§ Your assignment
Everything from the first line of the data below through the line that contains "Gucci Black Patterned" should be written out exactly, please, and nothing more; the pictures stay out.

§ Data excerpt

= Beginning of Section =

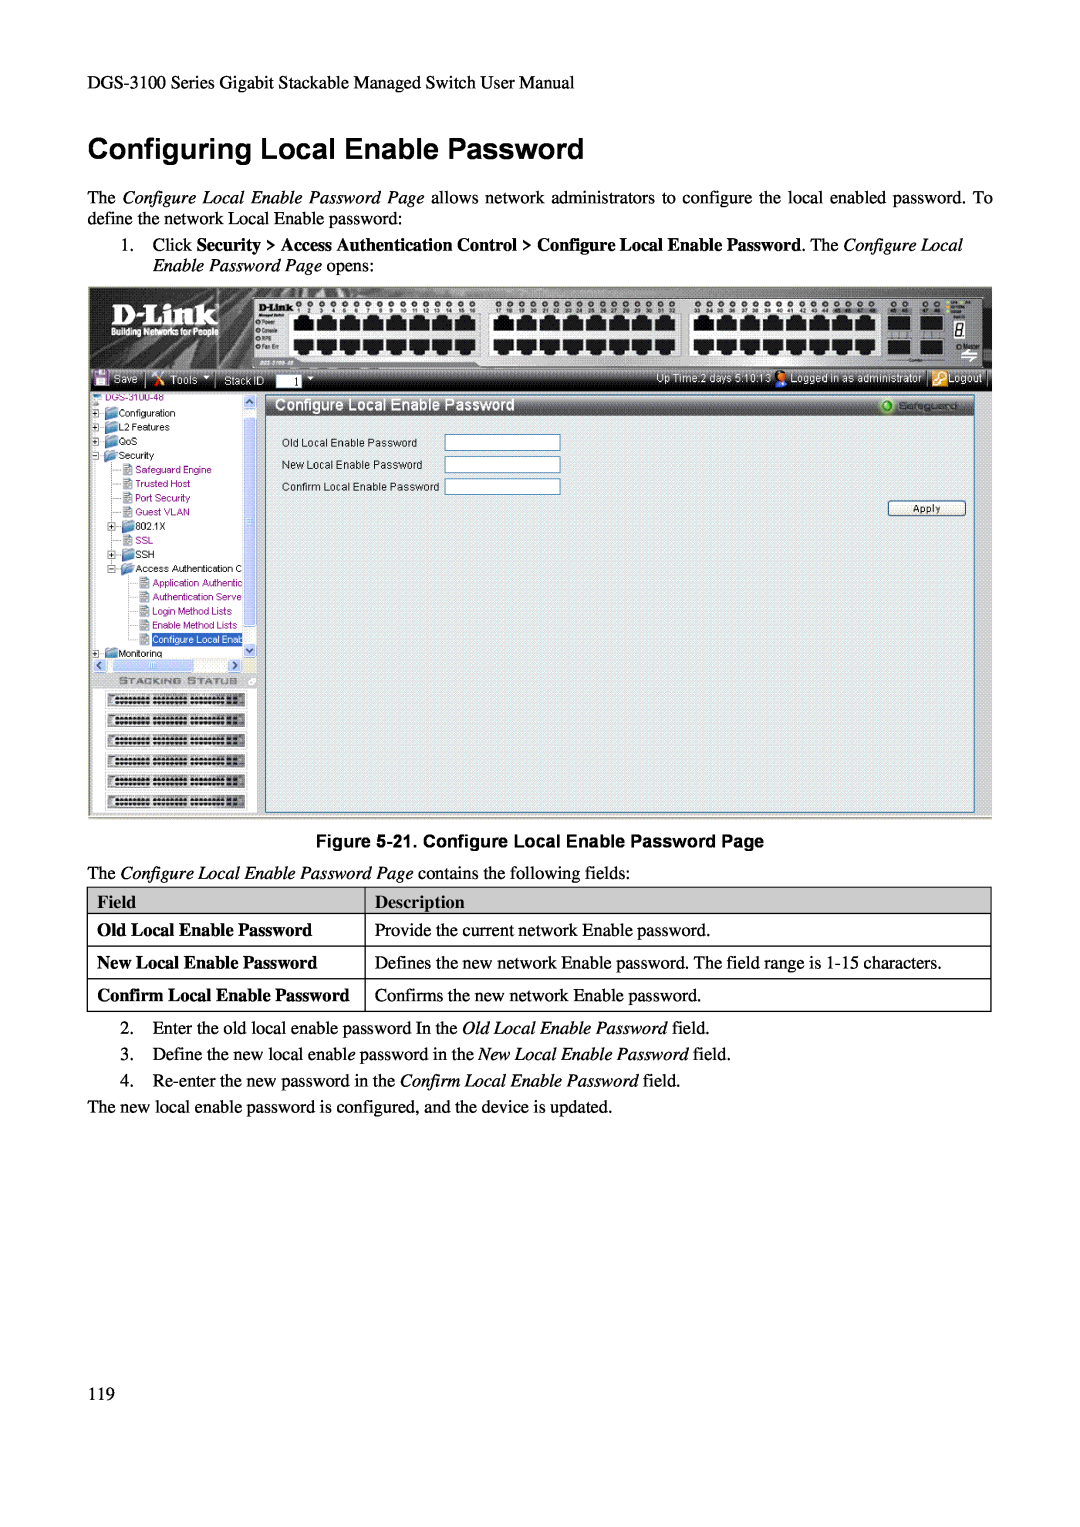 D-Link DGS-3100 user manual Configuring Local Enable Password, 21. Configure Local Enable Password Page, Field, Description 
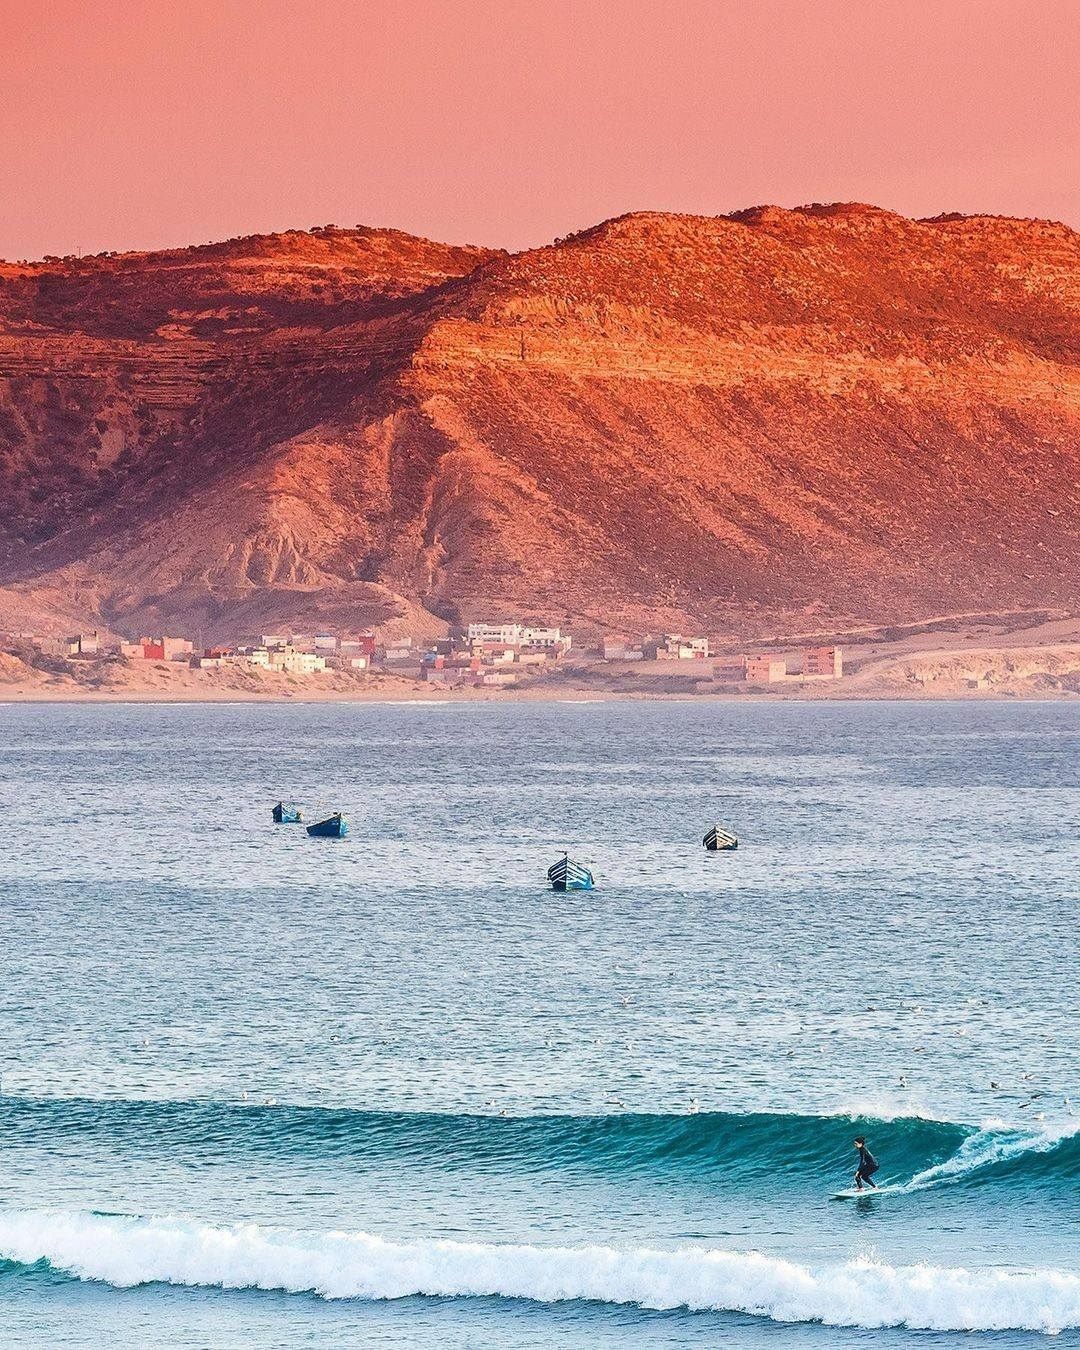 Morocco top 10 beach destinations in Africa
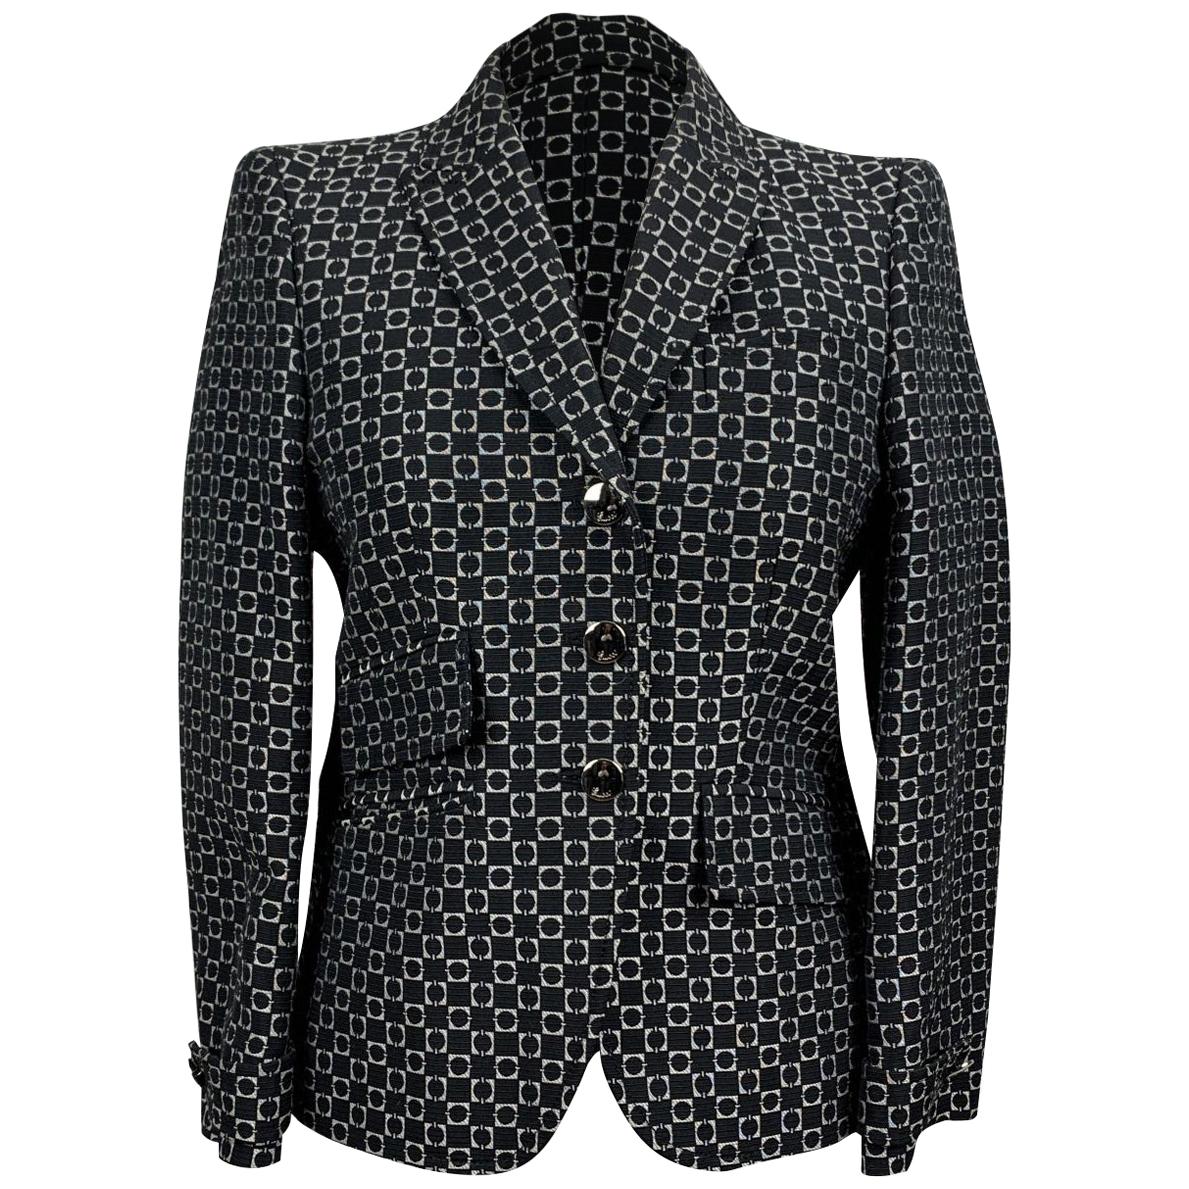 Gucci Black Patterned Cotton and Silk Blazer Jacket Size 40 IT
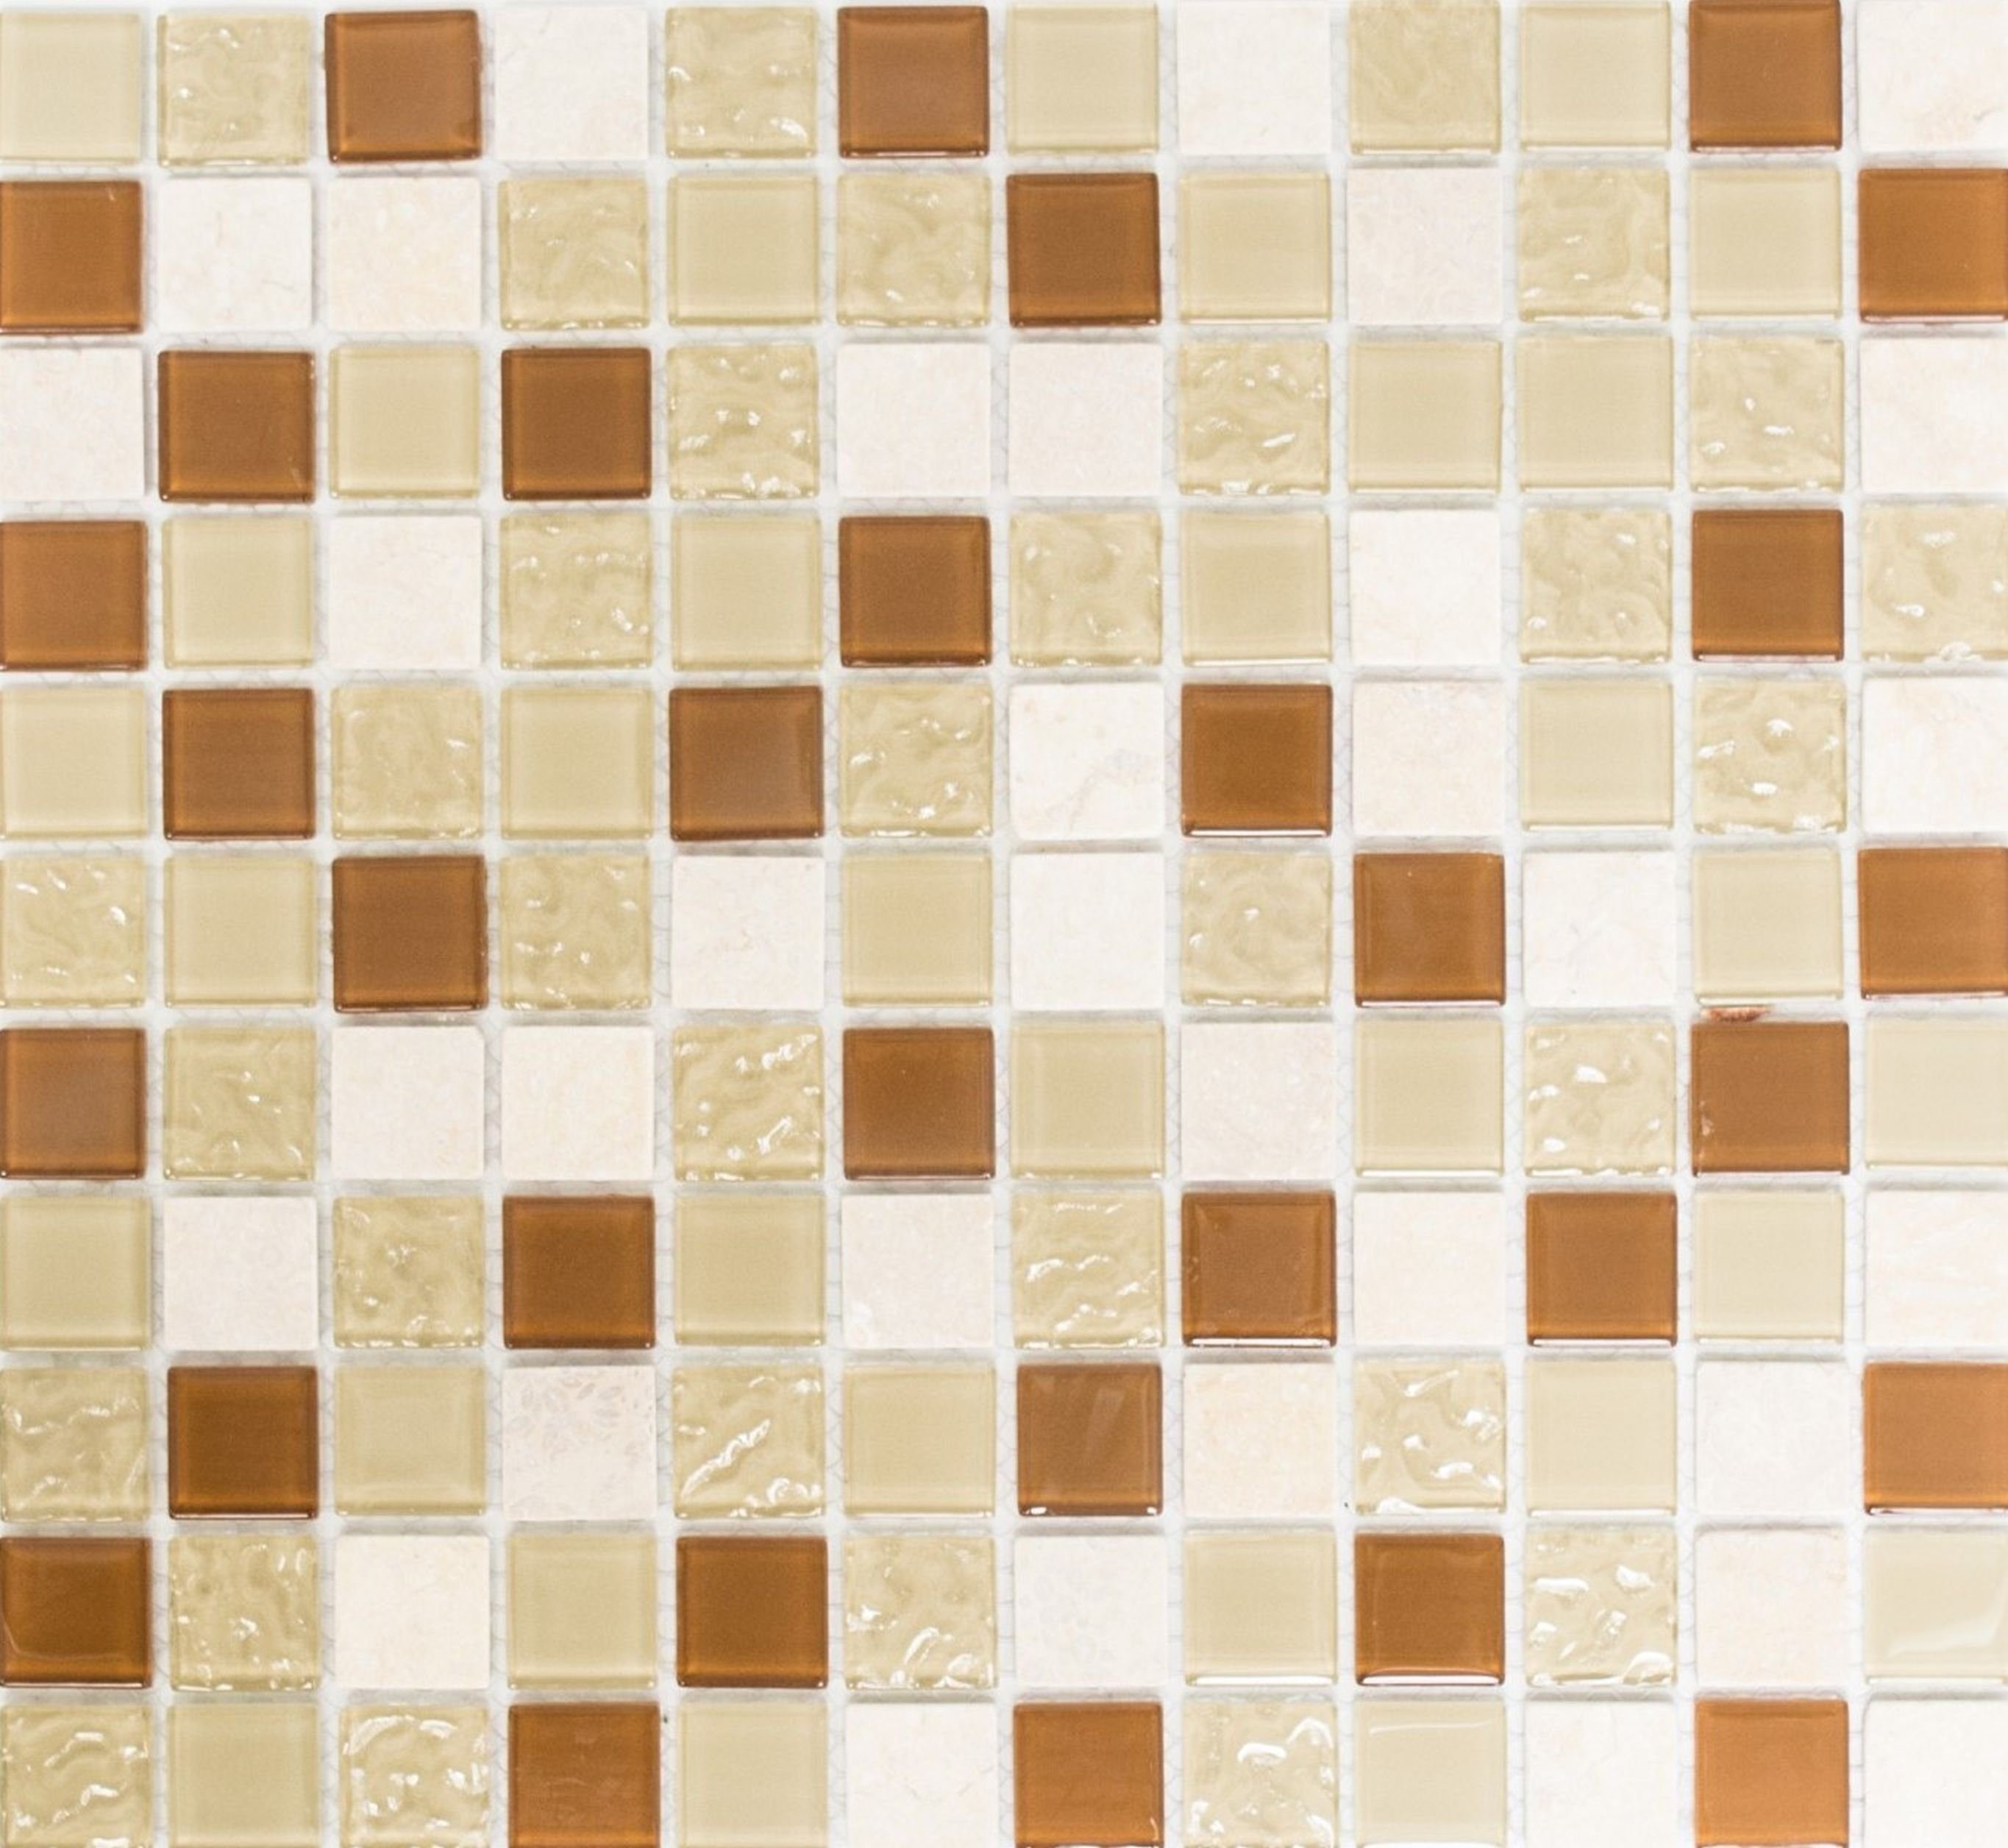 Mosani Naturstein Mosaikfliesen Rustikal Mosaik Glasmosaik beige Marmor

= End of Section =

§ Completed exercise
 D-Link DGS-3100 user manual Configuring Local Enable Password, 21. Configure Local Enable Password Page, Field, Description 
 Morocco top 10 beach destinations in Africa
 Gucci Black Patterned Cotton and Silk Blazer Jacket Size 40 IT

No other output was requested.